Thursday, October 01, 2009

"In Harm's Way" by Martin Bell [4]

Chapter 2: Peacekeepers Accomplices

Bell was obviously quite impressed by his two new peacekeeper friends and allies, particularly General MacKenzie ("Lew"), whom Bell describes as a man of action ill-suited for the sort of desk work he was originally assigned to when sent to Bosnia on a UN peacekeeping mission just prior to the outbreak of war. The time for diplomacy having passed, MacKenzie was out in the field directing the work of humanitarian relief the best he could; the reader can guess that his subsequent experience negotiating with militias at roadblocks on behalf of beleaguered supply convoys might well have colored his experience in Bosnia.

Bell describes the war at this point as "unstoppable," a point I might wish to debate, then moves on to an anecdote which made quite an impression on him and I think it is safe to assume on his buddy "Lew." Namely, the violence surrounding the evacuation of the Serb forces under General Kukanjac from the barracks in Sarajevo as part of a deal to win the release of President Izetbegovic, who had been kidnapped at the airport by Serb forces.

It's a well-known story to anyone who followed the war; as is known, Bosnian Government forces carried out an ambush on the fleeing Serb soldiers in violation of the deal the UN (under MacKenzie) had brokered. Bell goes on to list the lessons about war reporting he gained from this experience.

Lesson number one--"stay with it." Bell missed the worst of the the ambush because he was away filing a story for a deadline. Enough said, for our purposes.

Lesson number two--"the department of preconceived notions was alive and well and living in distant newsrooms." In short, because up until now the news from Bosnia had been stories of Serbs slaughtering Muslims, Bell found himself in some difficulty explaining that this extremely bloody incident was an example of a large number of Serbs being killed by (mostly) Muslims. Bell felt this issue put the previously unambiguous conflict in a new light, since "Serbs can be victims too" as he told his superiors back in Britain. Yet the equivalence between what he saw in the Drina valley--unarmed civilians being driving by violence and terror from their homes--and this unfortunate incident--the ambush of soldiers who had been surrounded and trapped within government territory until the kidnapping of their President won the release of those enemy troops, cannot be taken too far. I don't wish to dismiss the lives of those Serb soldiers who were ambushed and killed; but the situation was rather unique and not at all a parallel to the systematic campaign of ethnic cleansing Bell had been witness to. While I admire his genuine feeling for the victims of war, his analysis here is superficial.

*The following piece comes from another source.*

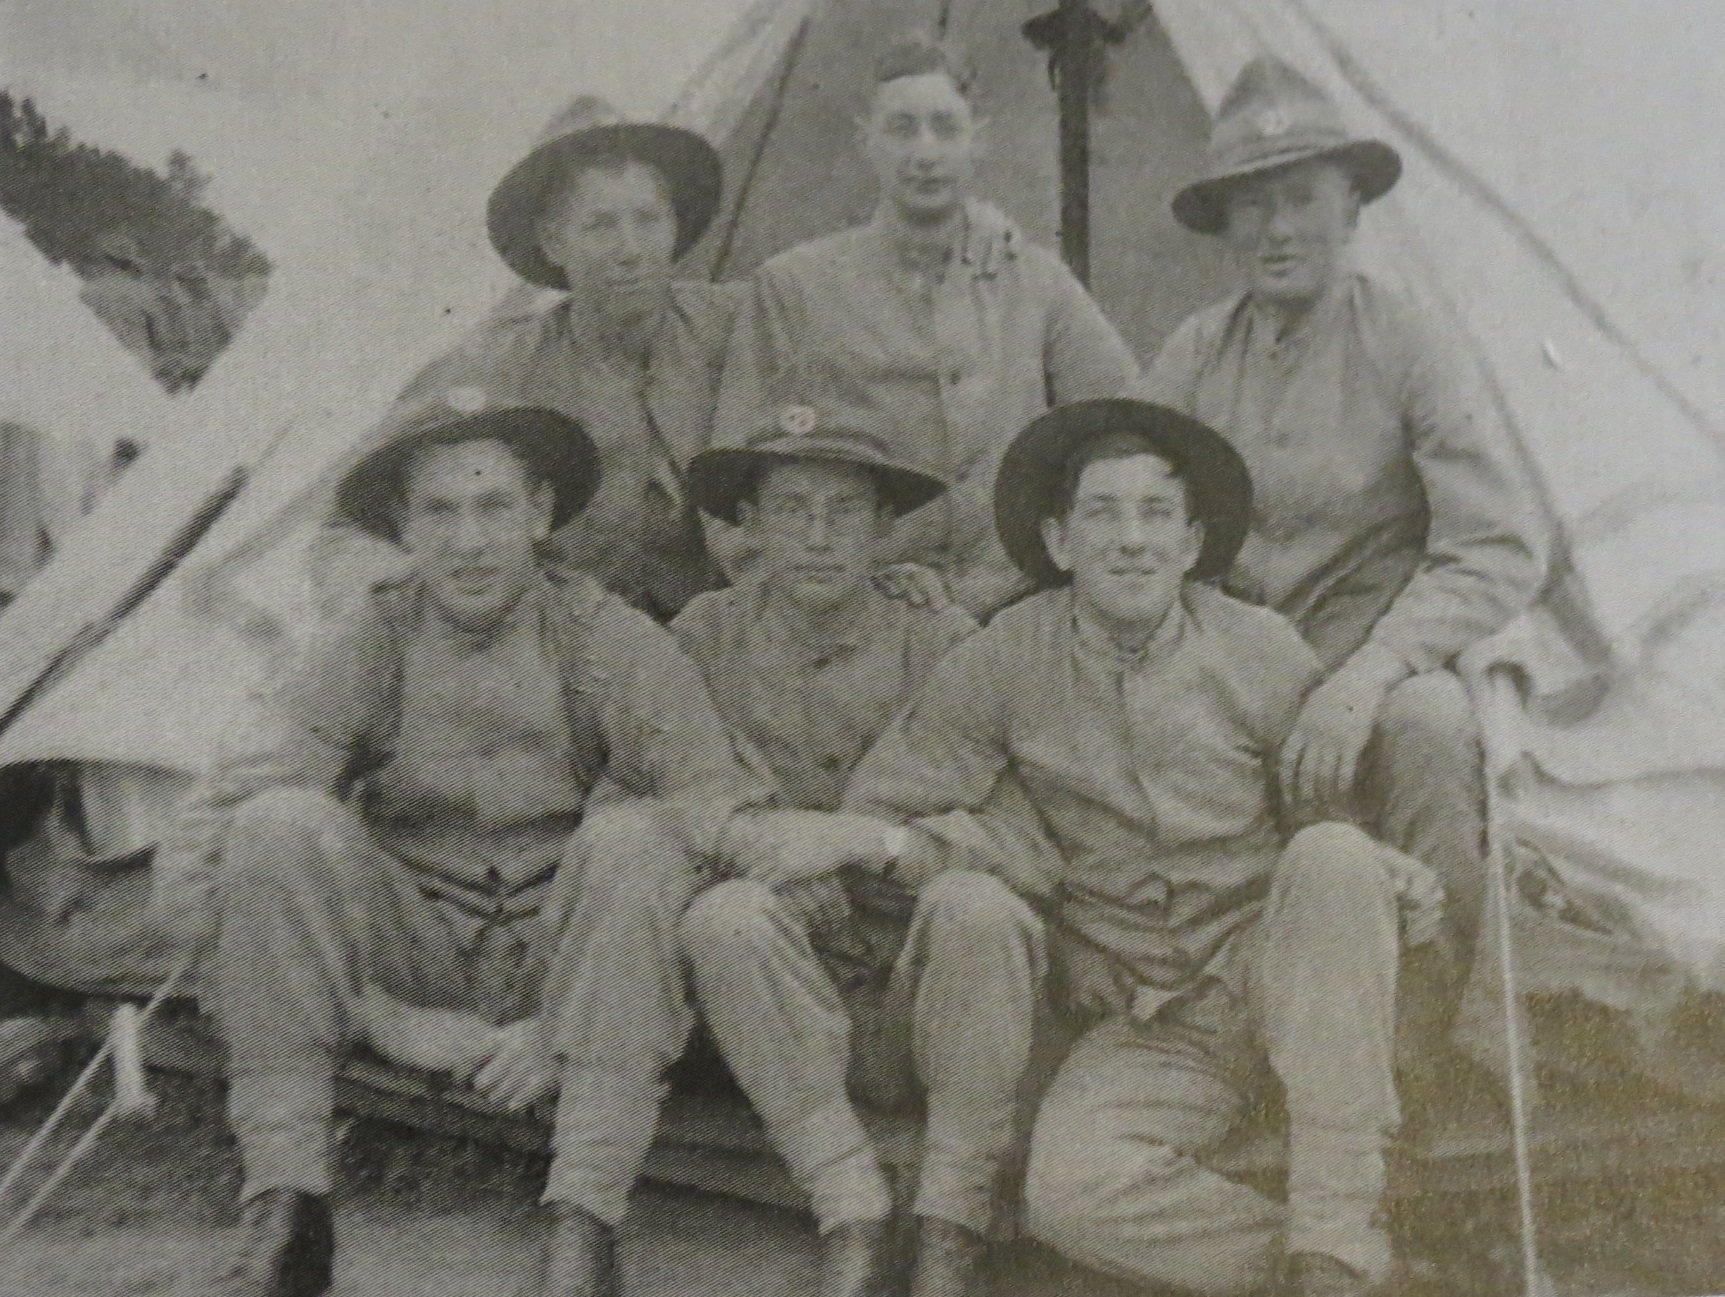 Tom Landreth (front left) in camp with his comrades, (back, from left) Ron McNeur, Harry Gapper,...

Lesson three--in peacekeeping, the press had a different relation with the military than in standard war reporting. Bell identified with the UN. "We wished it to succeed." The normal relationship between the press and the military--somewhat suspicious and cagey on both sides, as the military wished to keep its cards close to its vest while the press sought to pry out information from sources it assumed were not being fully forthcoming with them--didn't exist in Bosnia. The UN was transparent and generally knew less about the situation on the ground than the press did, especially because of the constant rotation of officers.

So a relationship evolved, one involving the flow of information between the press and the UN (later the IFOR). Bell is upfront about this--while some might have felt this was unethical or unprofessional, he wanted to serve the cause of peace. And, he states, "to help the UN was to serve the cause of peace."

And so it ends, with Bell fantasizing about someday telling his grandchildren--who, hearing that journalists often used their profession as a cover for espionage, ask him if he was ever a spy--that "actually I was. Just once, I spied for peace."

Bell's motives seem decent. Yet there are unspoken assumptions at the heart of this chapter which he does not address. The press wanted the UN to "succeed"; but at what? And, Bell assures us that "to help the UN was to serve the cause of peace." That sounds noble and high-minded. But in Bosnia, was this true?


Anonymous said...

Bell provides a much more rewarding subject for your thoughtful analysis than some of the previous burdens you've taken up on our behalf.